O outono em Porto Alegre é suave, tépido e límpido, como a consciência revivida destes lutadores pela liberdade e pela igualdade. Penso logo na poética de Mário Quintana que diz “sinto uma dor infinita das ruas de Porto Alegre”, quando recordo de uma cidade pulsante, nas artes, na política, na democracia, no Foro Social Mundial, quando a extrema direita era apenas um murmúrio recalcado nos porões do espaço público, porque não tinha ambiente para mostrar sua cara transida de ódio na cidade solidária e acolhedora. A dor de Mário Quintana e a memória de Abril se fundem na poesia de José Afonso, que também revela o que foi a nossa cidade: “em cada rosto um amigo, em cada rosto a igualdade!”.
A mais profunda revolução conservadora e reacionária da história do Brasil não foi o golpe de 1964, nem o AI 5 – processos brutais inscritos na era das ditaduras militares da América Latina –, extinguidas nas suas formas originárias pelas lutas populares e pelas crises sucessivas do Regime. O maior desastre histórico do país nas últimas seis décadas foi o genocídio a céu aberto instigado contra a vacinação, desenvolvido a partir do governo de Jair Bolsonaro, que teve – em parte – um apoio razoável na população. E mais, uma aceitação tácita das instituições da República e um acolhimento parcial da grande imprensa, que o tornou um “direito natural” de quem foi eleito e teve o suporte de uma parte significativa da burguesia nativa. Seus responsáveis continuam impunes. E soltos.
2.
Mas a memória sofre e pulsa por Abril e seus heróis e ela me recorda de um dos trechos mais belos dos romances de John Steinbeck denominado As vinhas da ira: “As terras do oeste se agitavam como cavalos antes do temporal”. O grande problema de todas as revoluções, especialmente daquelas que constroem ou reconstroem uma democracia, não é a efervescência dos suspiros de alívio, as agitações de uma primavera ainda sem responsabilidade de reconstruir a vida – nem os eventuais excessos de celebração – mas é como construir uma nova normalidade. Na alegria de viver de uma revolução democrática vale a força construtiva da utopia, no trabalho de construir uma vida democrática impera a responsabilidade da rotina e o sufoco da burocracia.

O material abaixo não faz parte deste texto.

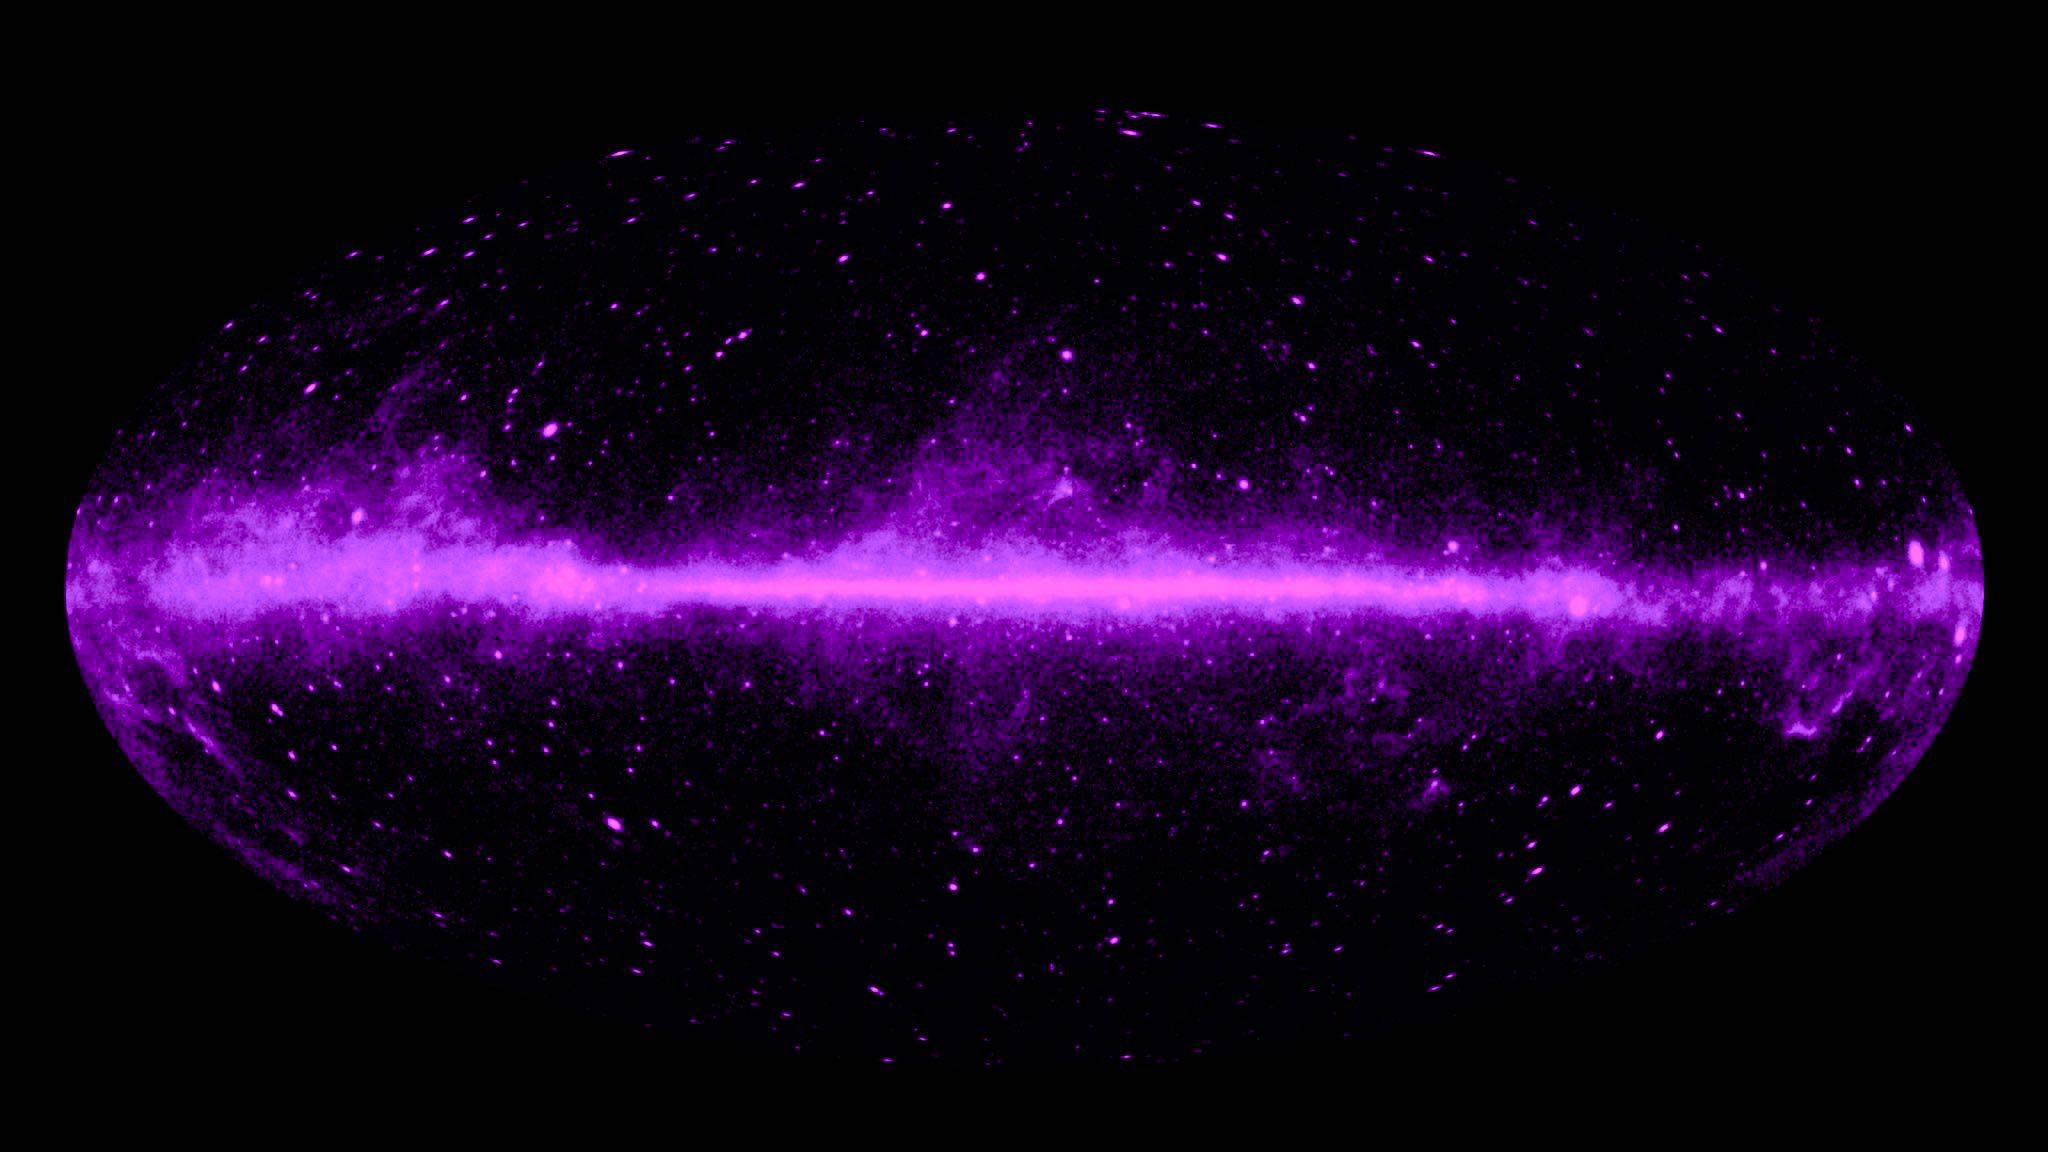 Galaksinin merkezinde NGC 2356 bulduk büyük miktarda karanlık madde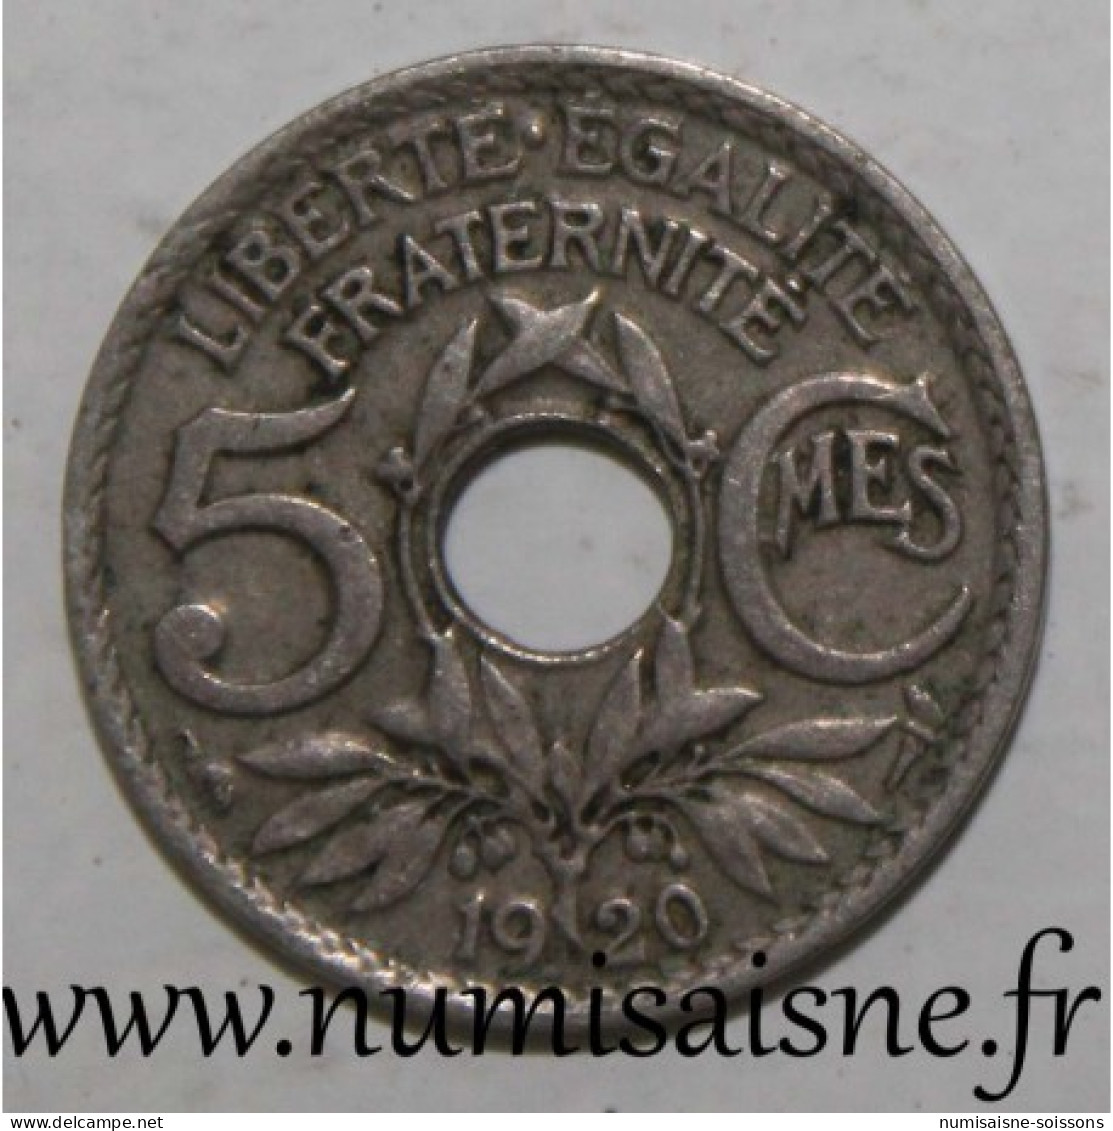 GADOURY 170 - 5 CENTIMES 1920 - TYPE LINDAUER - PETIT MODULE - KM 875 - TTB - 5 Centimes

“Agora ninguém mais fecha as portas que abril abriu”. Termina assim um poema-vídeo que Flávio Aguiar, na madrugada, me mandou da Alemanha. Ele vem seguido de um recado que faço também meu: “Só chorando. Me debulhei”. Em toda a Europa, nas Américas e numa boa parte do mundo, as garras do fascismo se afiam, conquistam vozes na grande imprensa, organizam partidos, quadrilhas e transitam das cavernas das novas tecnologias de informação e comunicação para legalidade plena. E desta para os seus esconderijos nas redes onde organizam novos tipos de golpes de estado e empresas religiosas, pervertidas para colher acumulação de dinheiro.
É a rotina do mundo onde a riqueza sem trabalho premia o investidor na vazia medula dos cálculos financeiros imediatos e não gera mais trabalho e ocupação. A história da humanidade é a história da repetição do sofrimento, da covardia, da bravura, das revoluções e reações, da consciência que se faz e se desfaz, como solidária ou hostil, generosa e perversa, mas é sobretudo a história das guerras e das revoluções, das armas e dos espíritos, nas quais se sucedem luzes e trevas. A humanidade evolui? Sim e não. Depende do lugar que se olha e de que pessoas estamos falando no teatro da história.
Se pensarmos que a escravidão foi – em regra – suprimida, somos também obrigados a pensar que a morte pela fome e pela tortura não foi eliminada. Se pensarmos que um empresário no início da Revolução Industrial poderia ter uma justiça privada dentro da sua fábrica e hoje isso não é admissível, sim, algo evoluiu, pois nem sempre a história se repete como farsa ou tragédia. Tomás Eloy Martínez nos seu Cantor de tango, num diálogo incidental entre personagens do seu romance, expressa esta perplexidade sobre a evolução de forma diferente: “Respondi” – diz seu personagem – “que fazia muito tempo, eu tinha estudado uma ideia parecida do filósofo David Hume (…) a repetição nada muda no objeto repetido, mas sim no espírito que a contempla”.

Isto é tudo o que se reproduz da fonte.